Return the following lines and nothing else: the one holding "Bubbie & Rivka's" and all those after it in the records below, unchanged, minus any pictures.

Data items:
==================================================
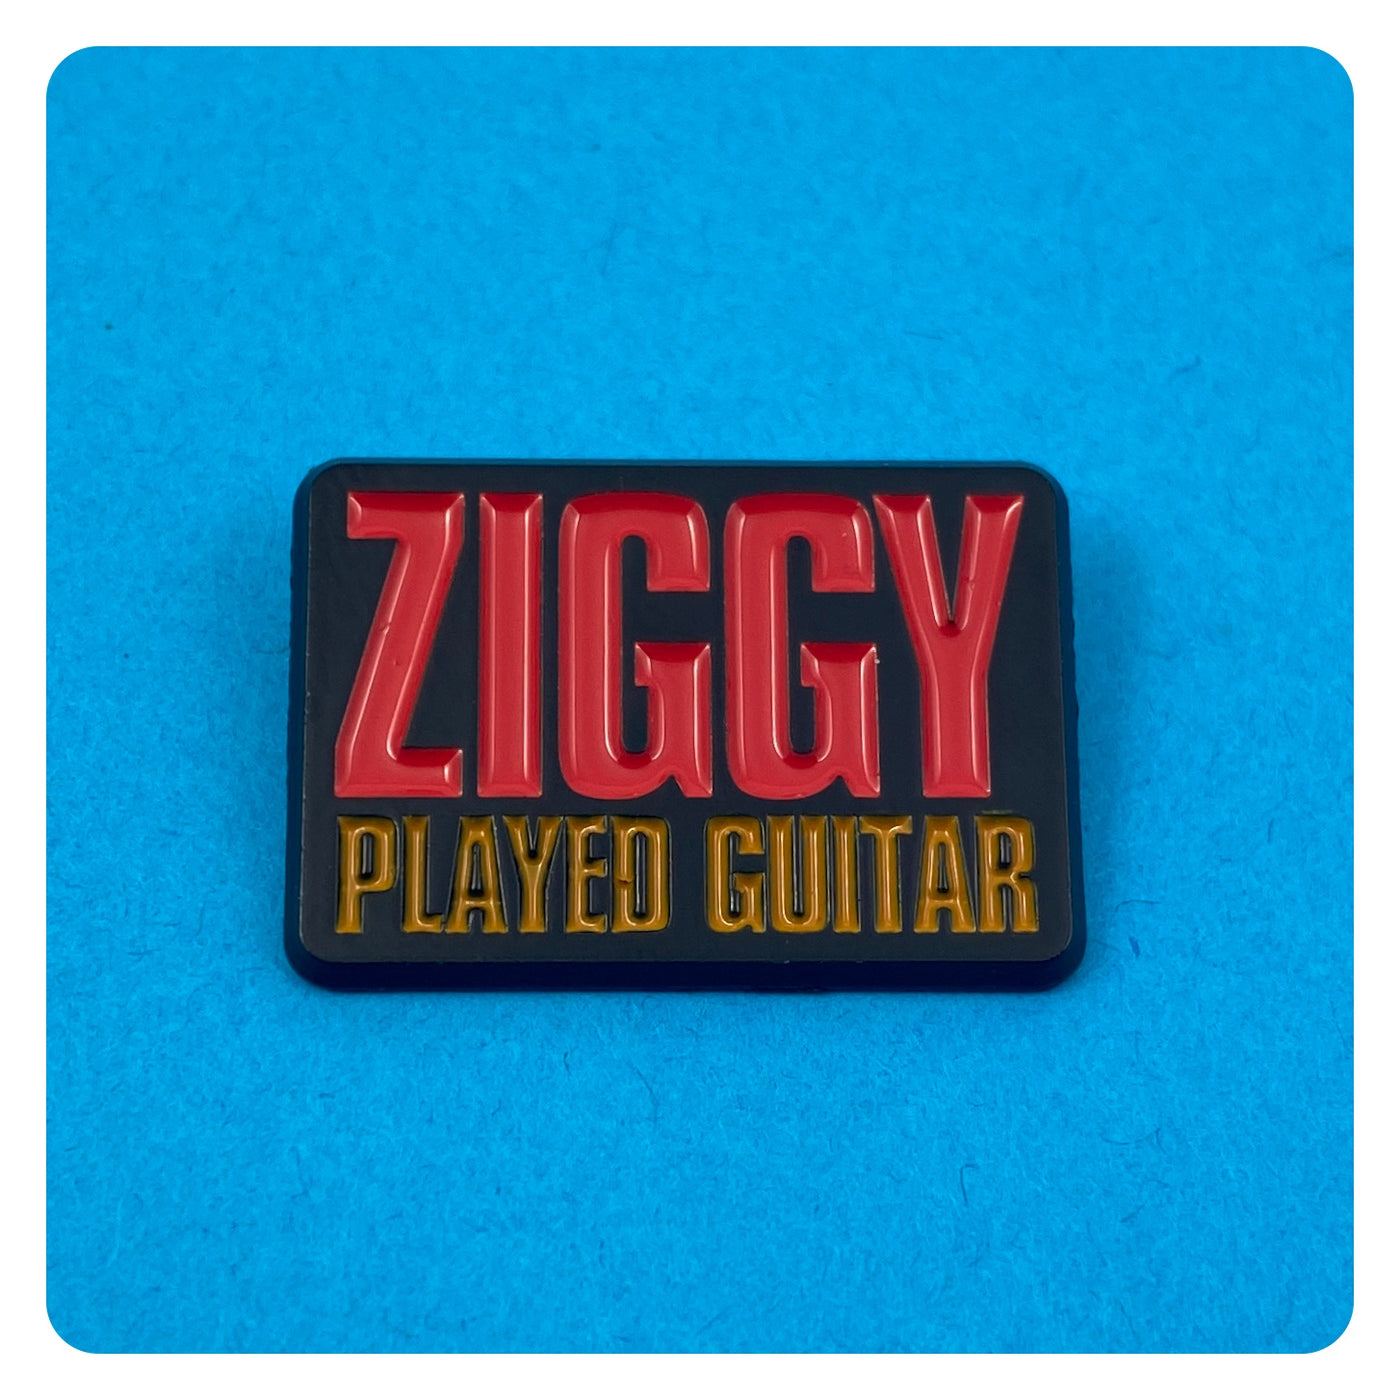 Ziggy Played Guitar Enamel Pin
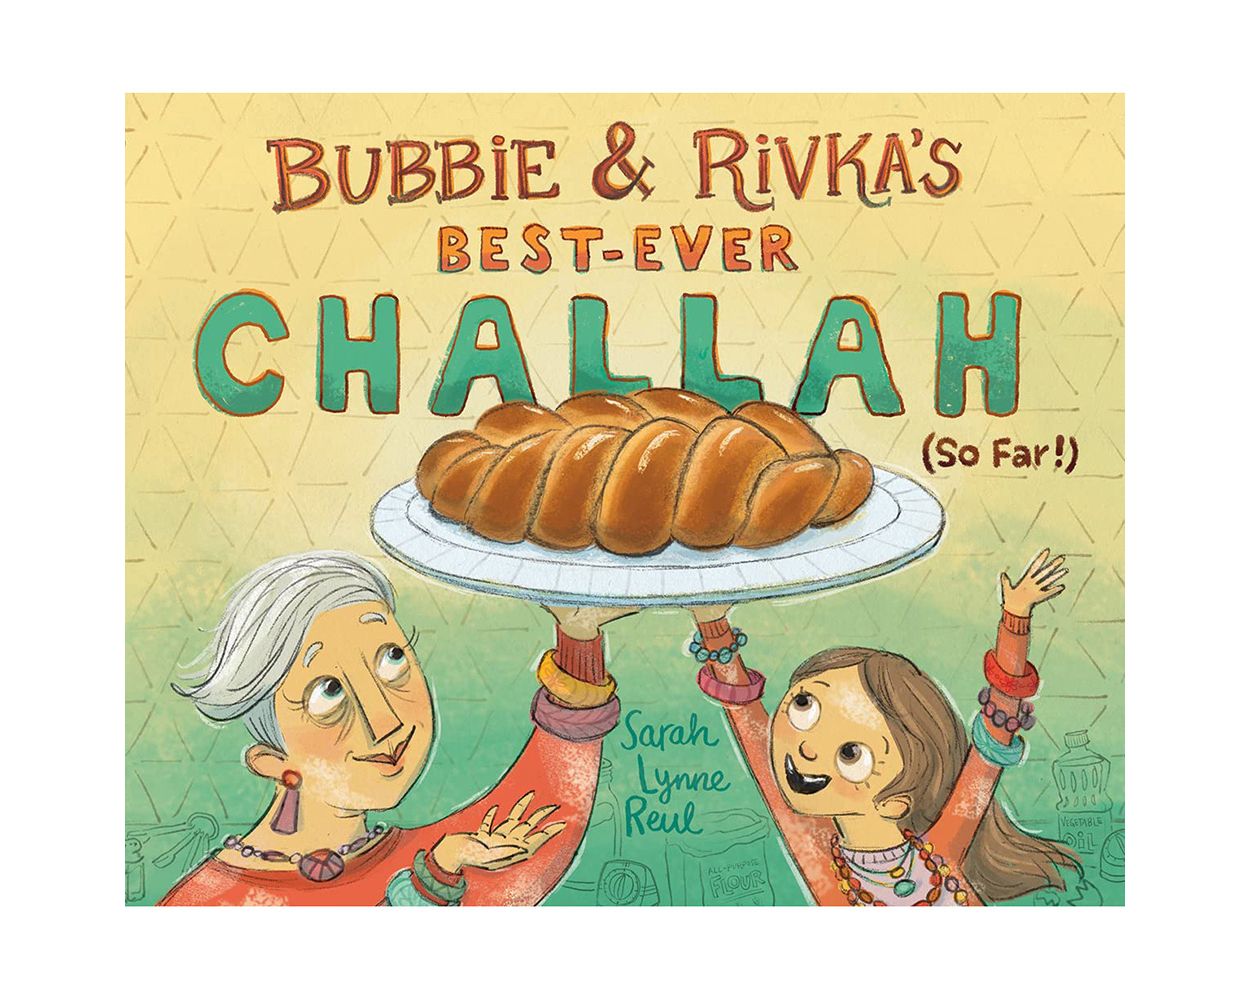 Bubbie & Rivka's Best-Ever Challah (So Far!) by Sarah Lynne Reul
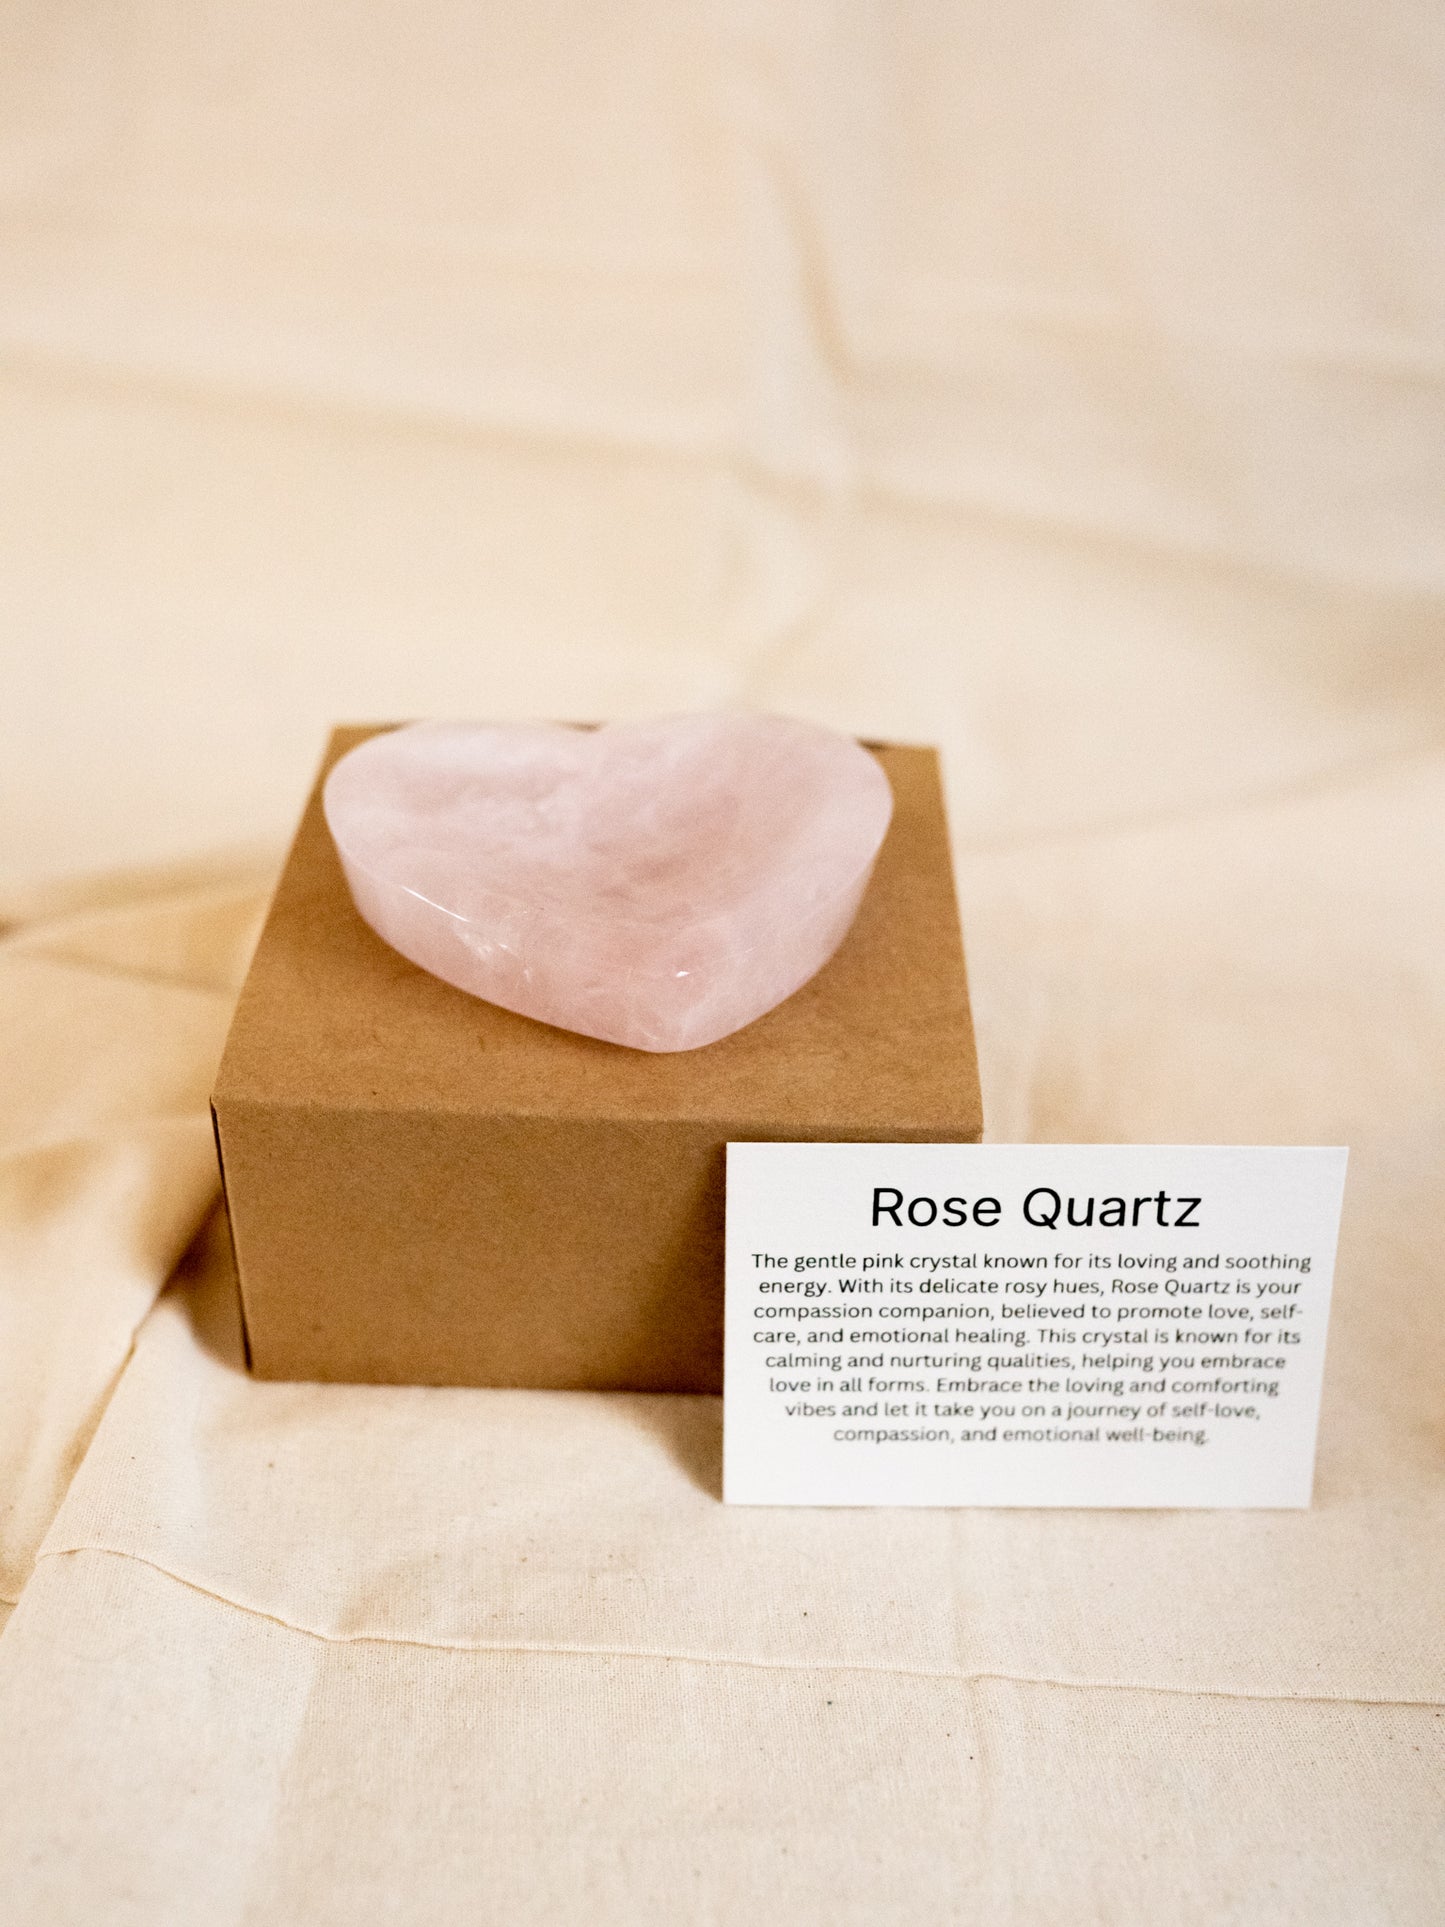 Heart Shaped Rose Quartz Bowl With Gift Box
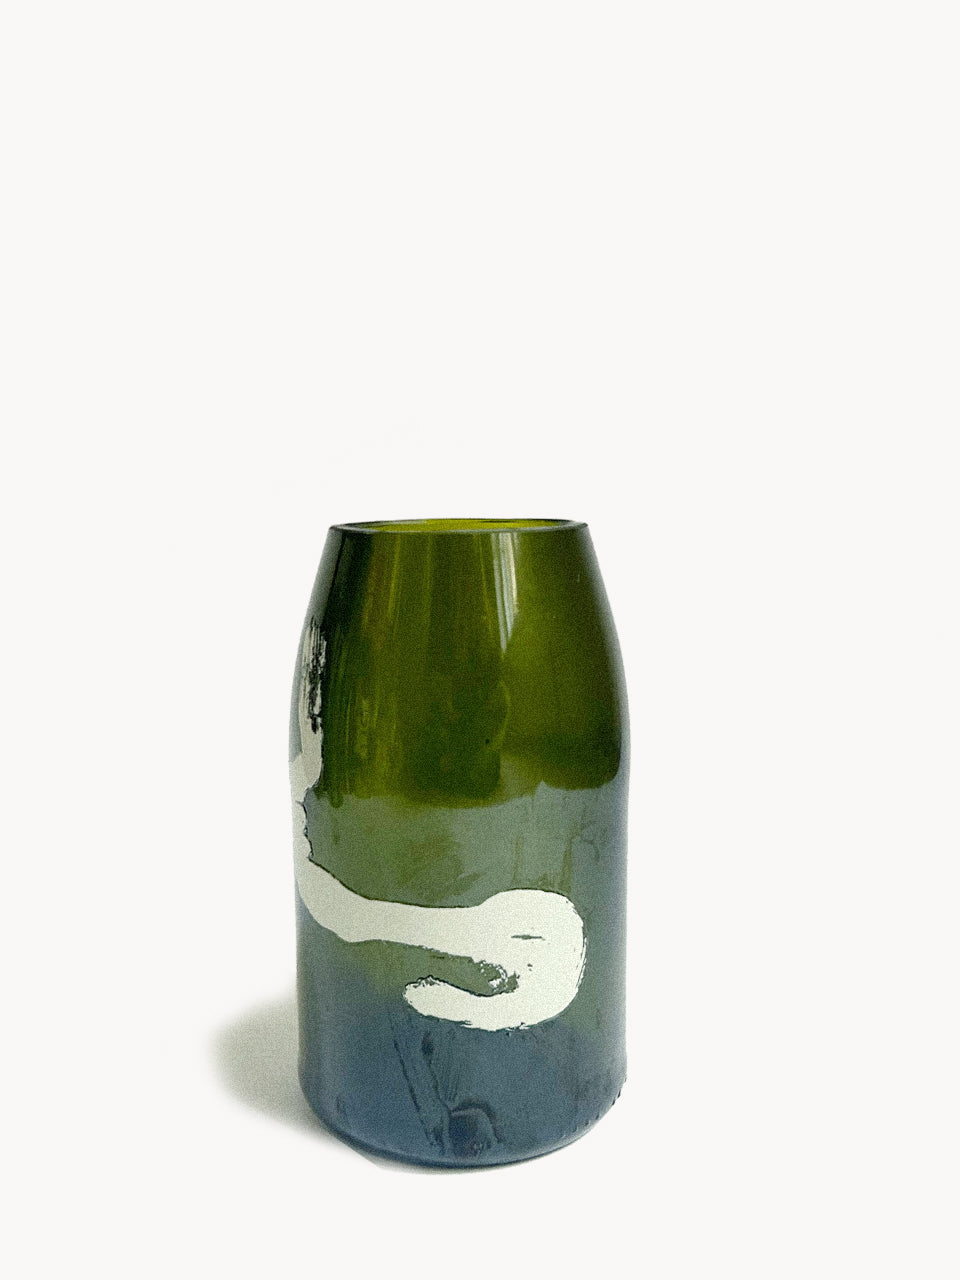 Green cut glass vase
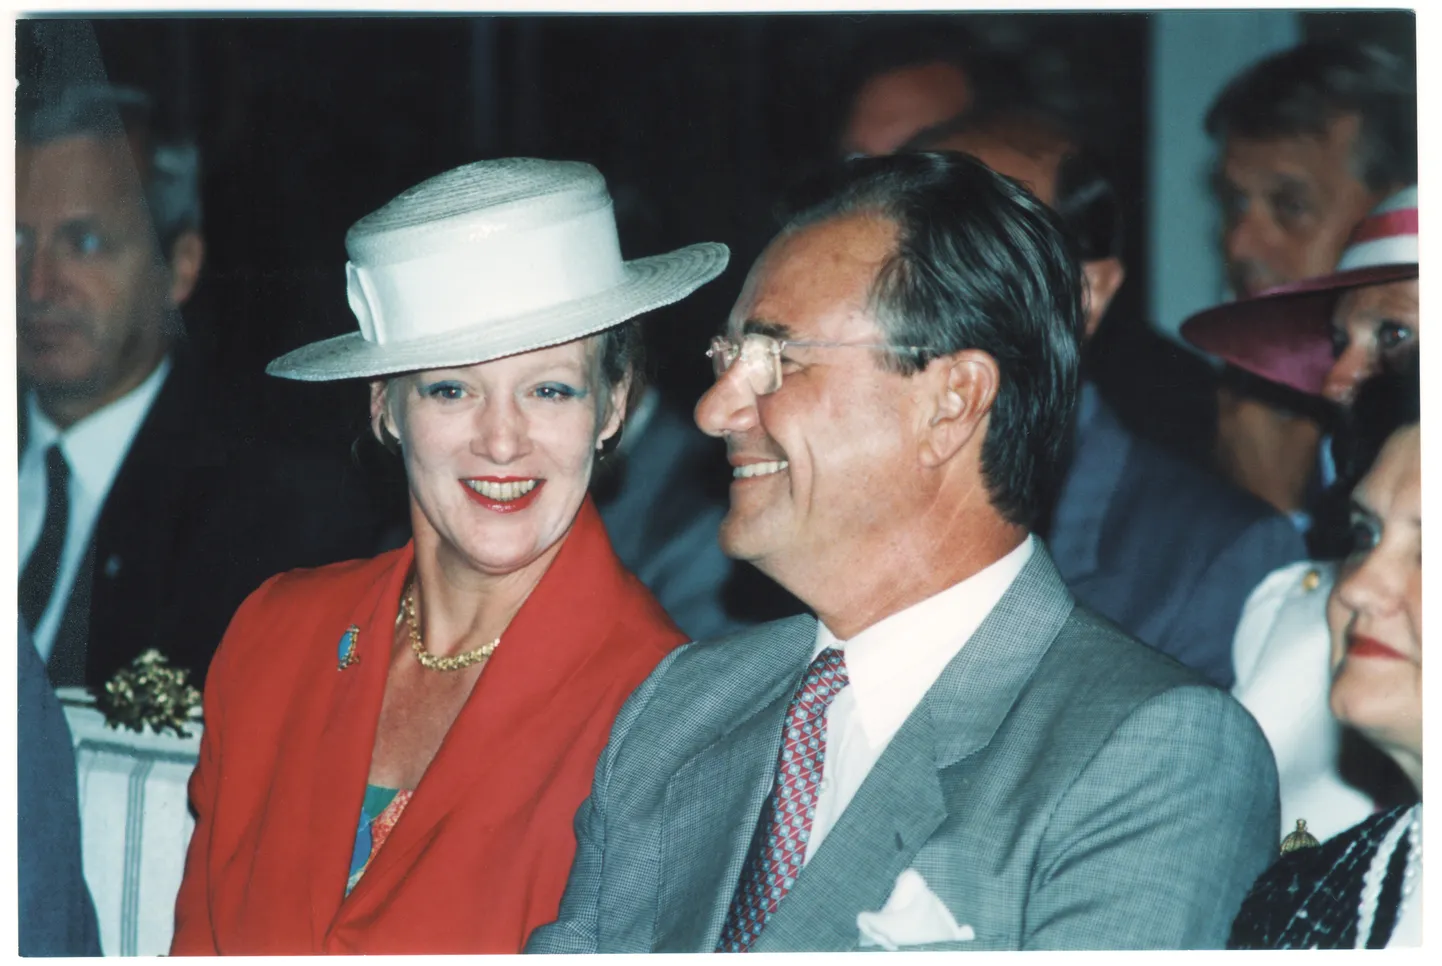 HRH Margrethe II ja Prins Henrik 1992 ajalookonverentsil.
==================================================
SOLUTION FOR THIS PROBLEM:
 Bubbie & Rivka's Best-Ever Challah (So Far!) by Sarah Lynne Reul
 Heart Shaped Rose Quartz Bowl With Gift Box
 Green cut glass vase
 HRH Margrethe II ja Prins Henrik 1992 ajalookonverentsil.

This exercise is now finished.